*** Opening Dataset records ***

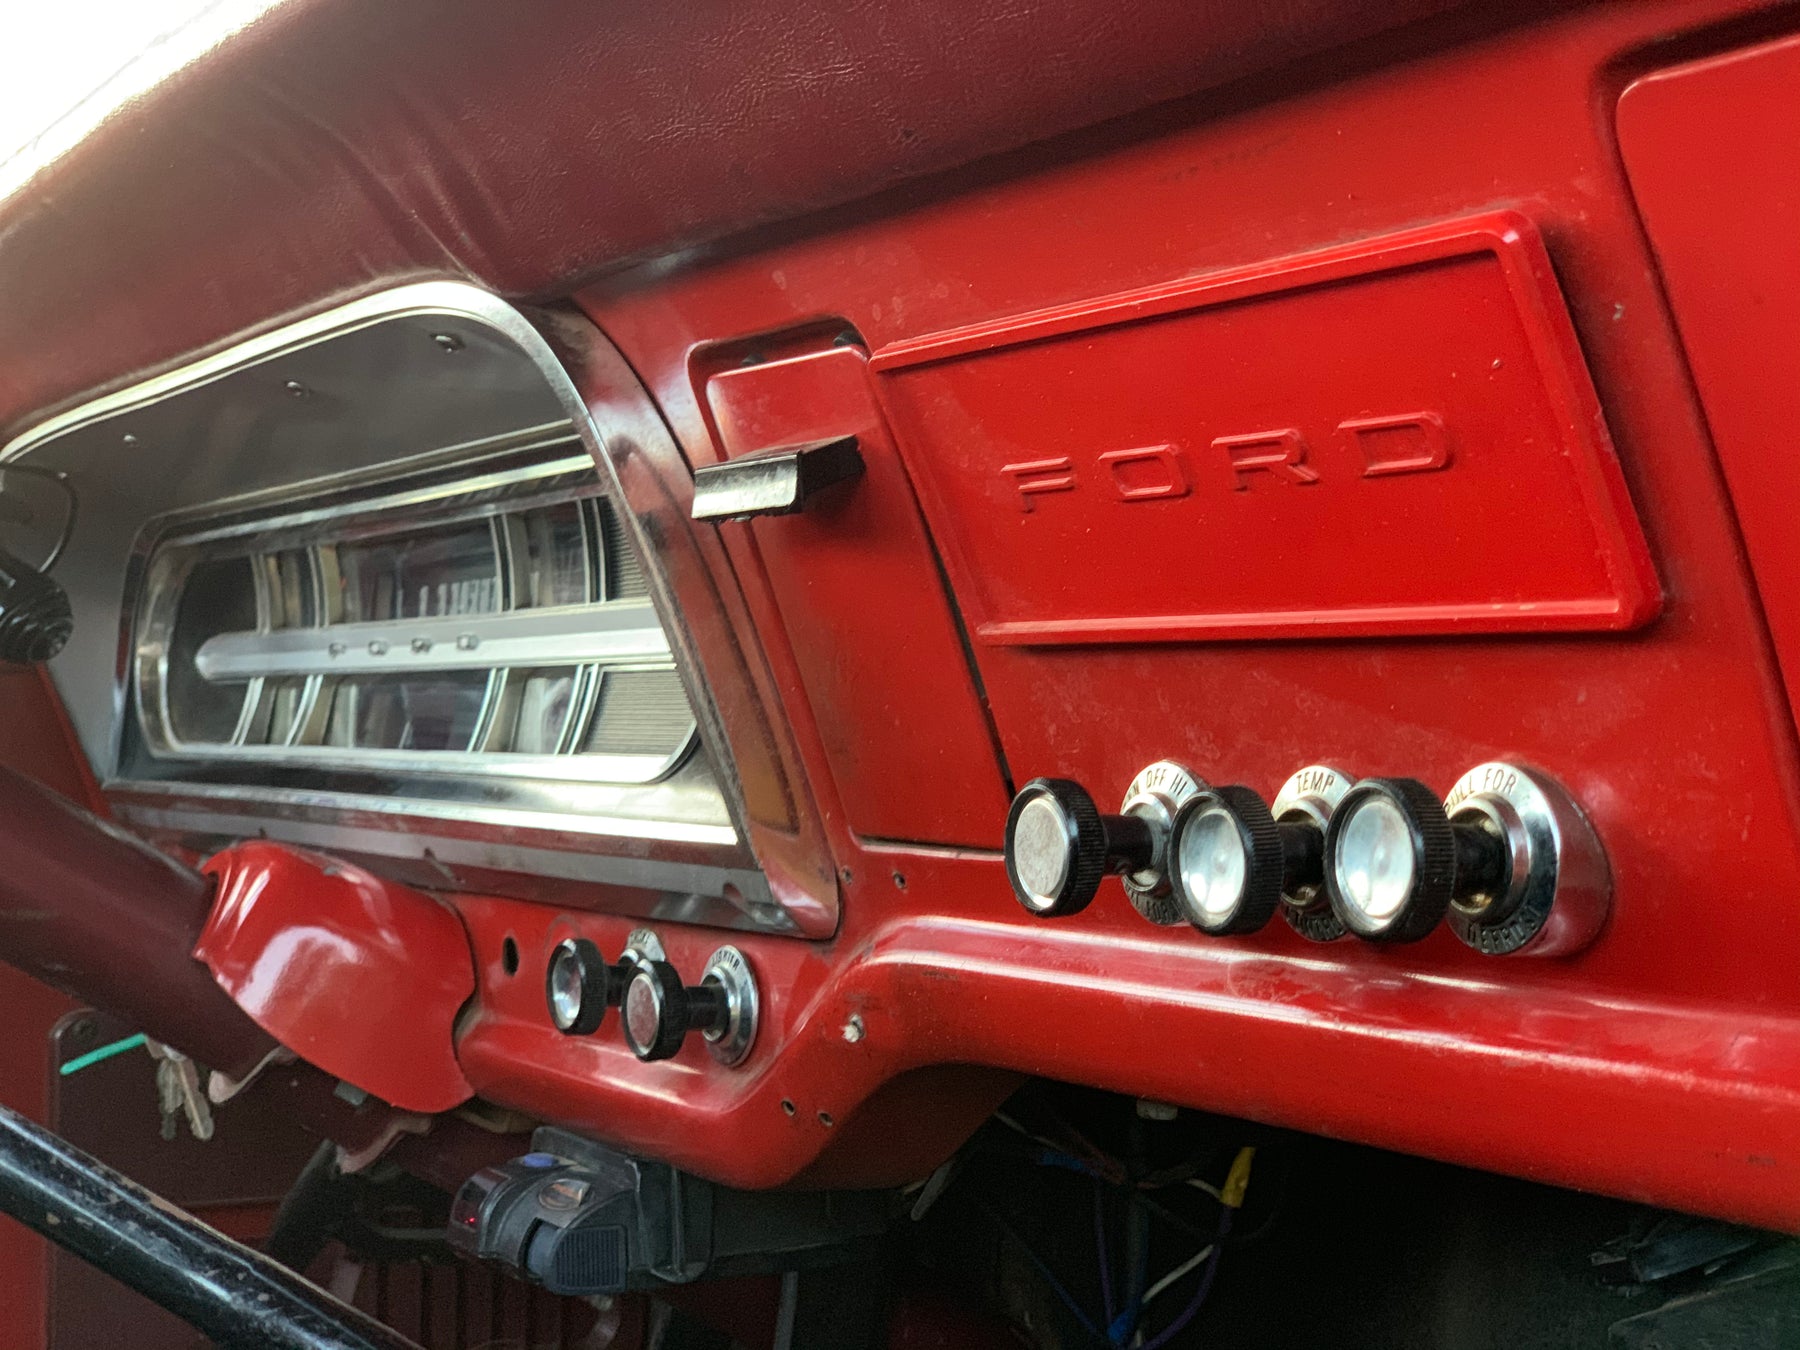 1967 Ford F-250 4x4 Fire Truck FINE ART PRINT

*** Closing Dataset records ***
*** Opening Dataset records ***

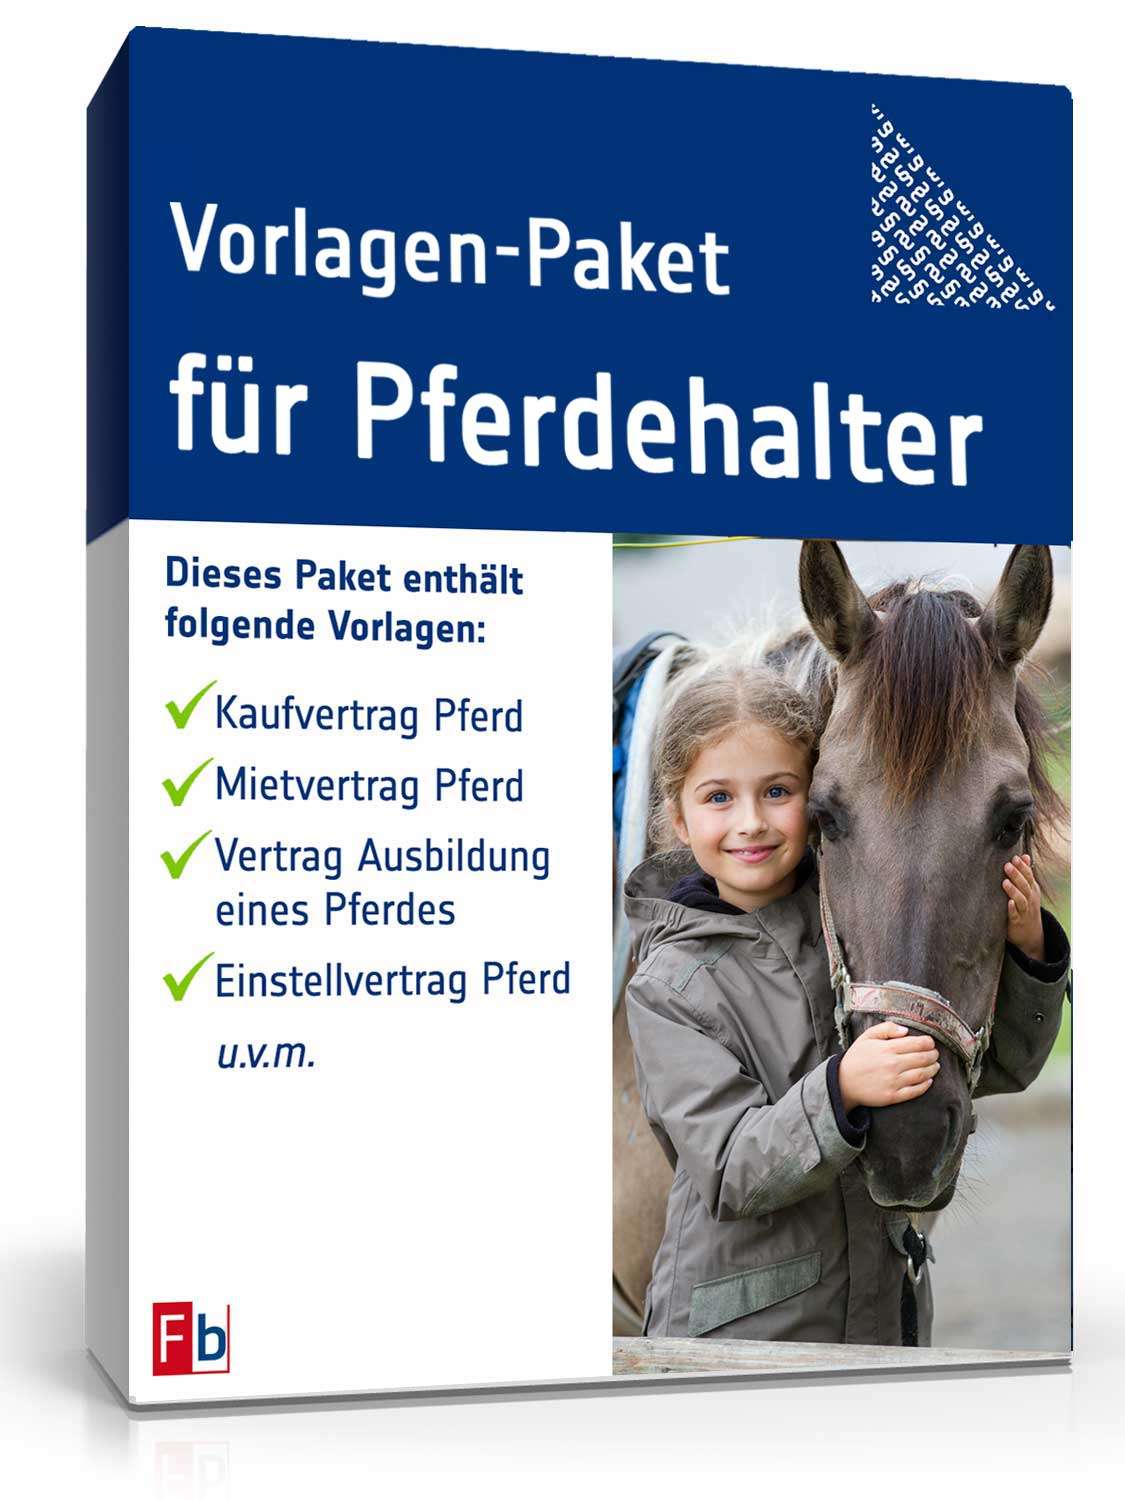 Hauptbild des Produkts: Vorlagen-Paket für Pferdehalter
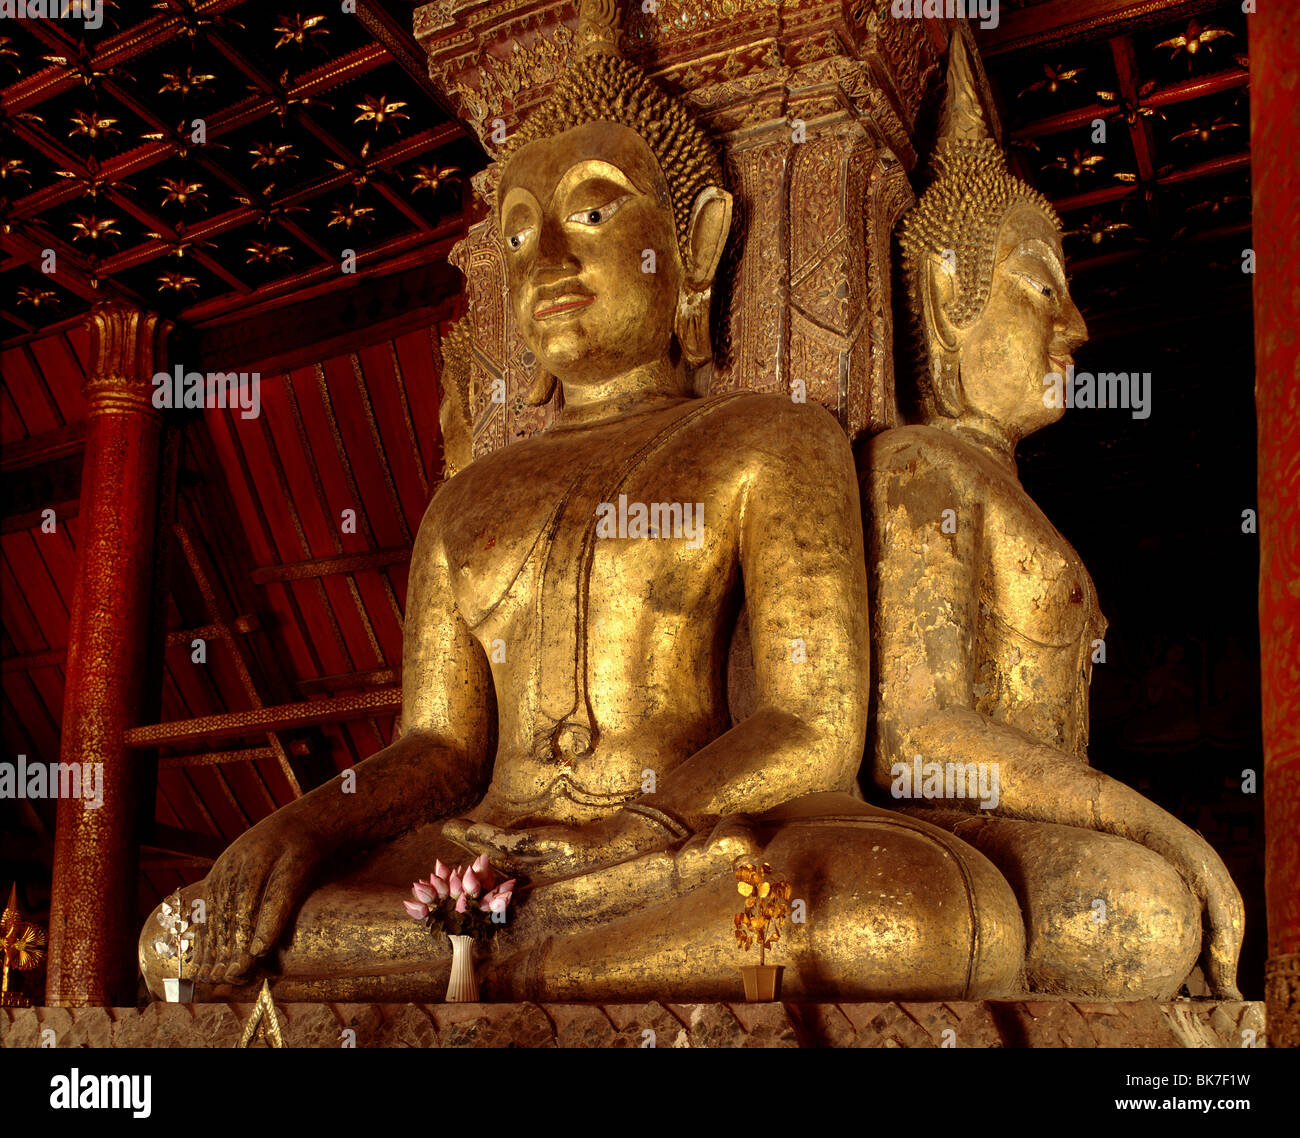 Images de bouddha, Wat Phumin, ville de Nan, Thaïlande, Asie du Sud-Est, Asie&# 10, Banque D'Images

*** Closing Dataset records ***

Work item> Above, find the line with "Hauptbild des Produkts: Vorlagen-Paket"; copy it and every line down to the line with "Images de bouddha, Wat", exactly and both included, but no pictures.

Answer to this problem>
 Hauptbild des Produkts: Vorlagen-Paket für Pferdehalter
 Images de bouddha, Wat Phumin, ville de Nan, Thaïlande, Asie du Sud-Est, Asie&# 10, Banque D'Images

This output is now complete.